(DATA FOR THIS EXERCISE begins)

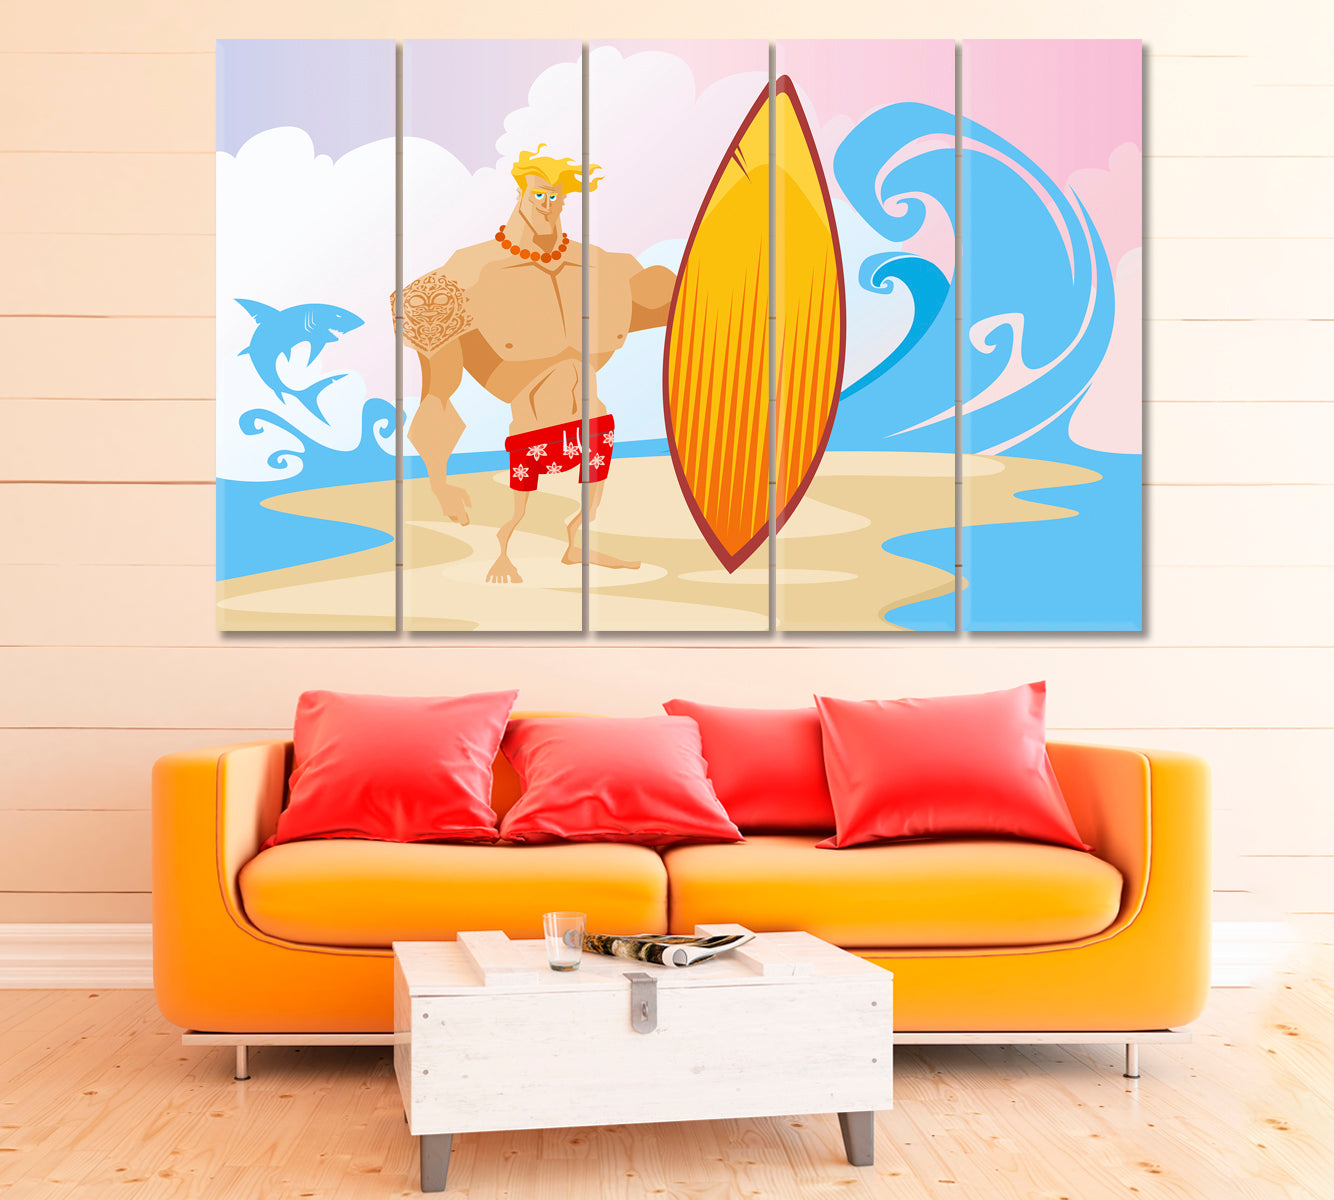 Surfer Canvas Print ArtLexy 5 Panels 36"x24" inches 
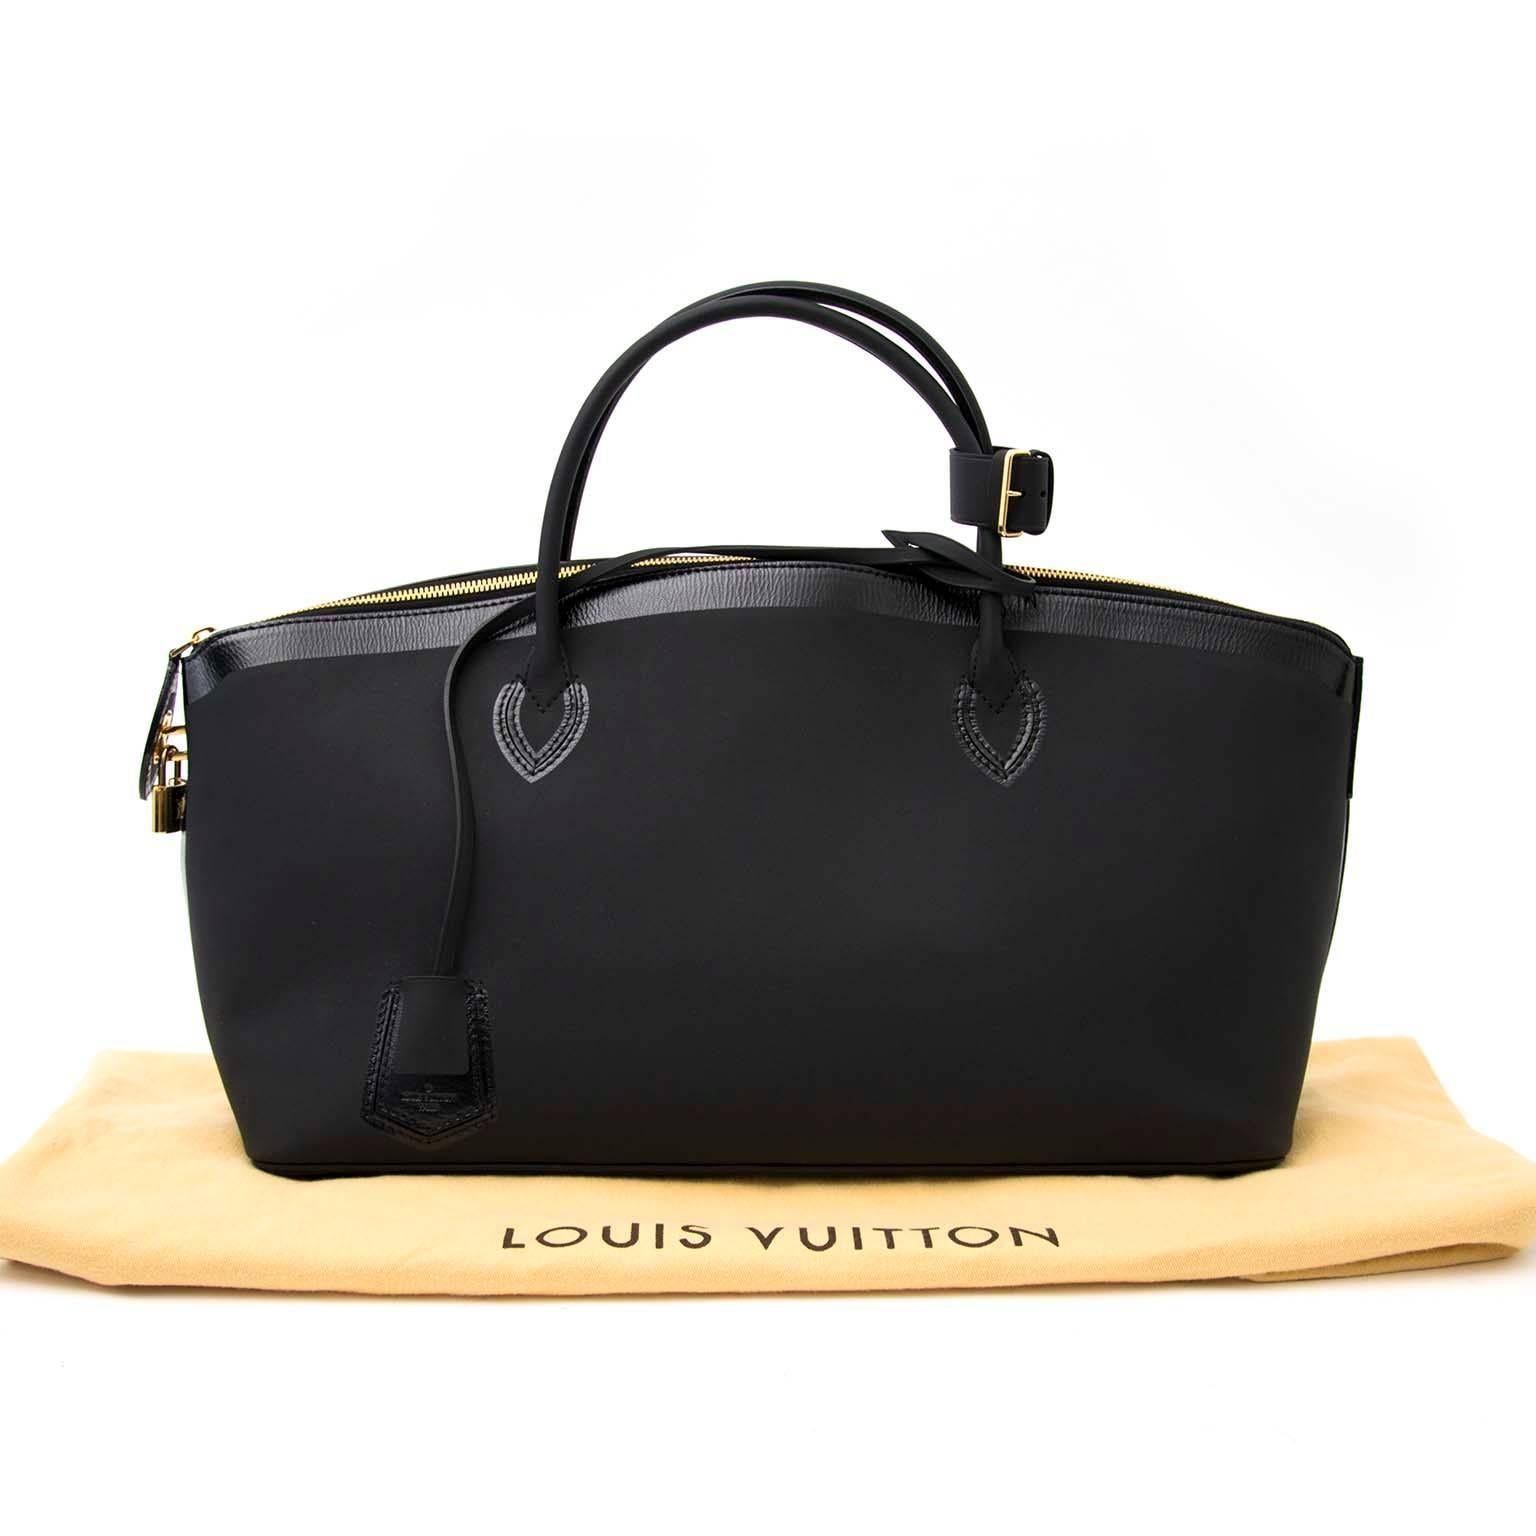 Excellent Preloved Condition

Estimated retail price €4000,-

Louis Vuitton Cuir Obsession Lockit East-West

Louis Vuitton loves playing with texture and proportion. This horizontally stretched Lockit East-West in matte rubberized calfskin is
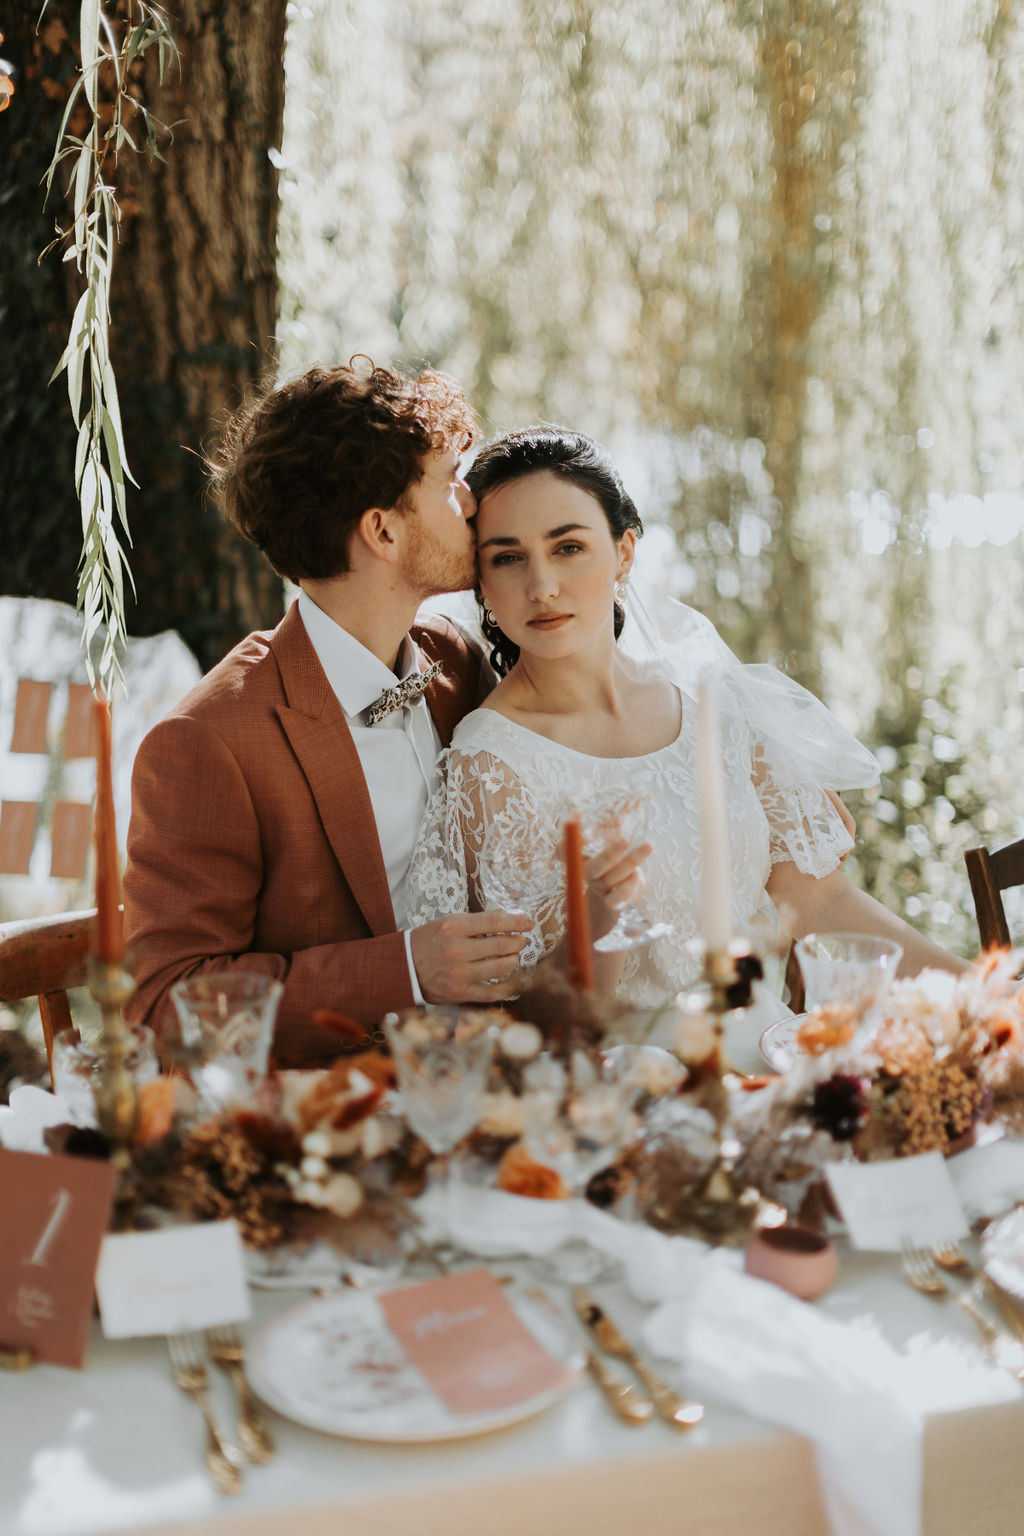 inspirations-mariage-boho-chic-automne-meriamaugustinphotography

(DATA FOR THIS EXERCISE ends)

[WHAT YOU SHOULD DO]: Retype word for word the span of lines above that begins with the line containing "Louis Vuitton Cuir Obsession Lockit East-West" and ends with the last line of the records; skip all pictures.

[EXPECTED ANSWER]:
Louis Vuitton Cuir Obsession Lockit East-West

Louis Vuitton loves playing with texture and proportion. This horizontally stretched Lockit East-West in matte rubberized calfskin is
 inspirations-mariage-boho-chic-automne-meriamaugustinphotography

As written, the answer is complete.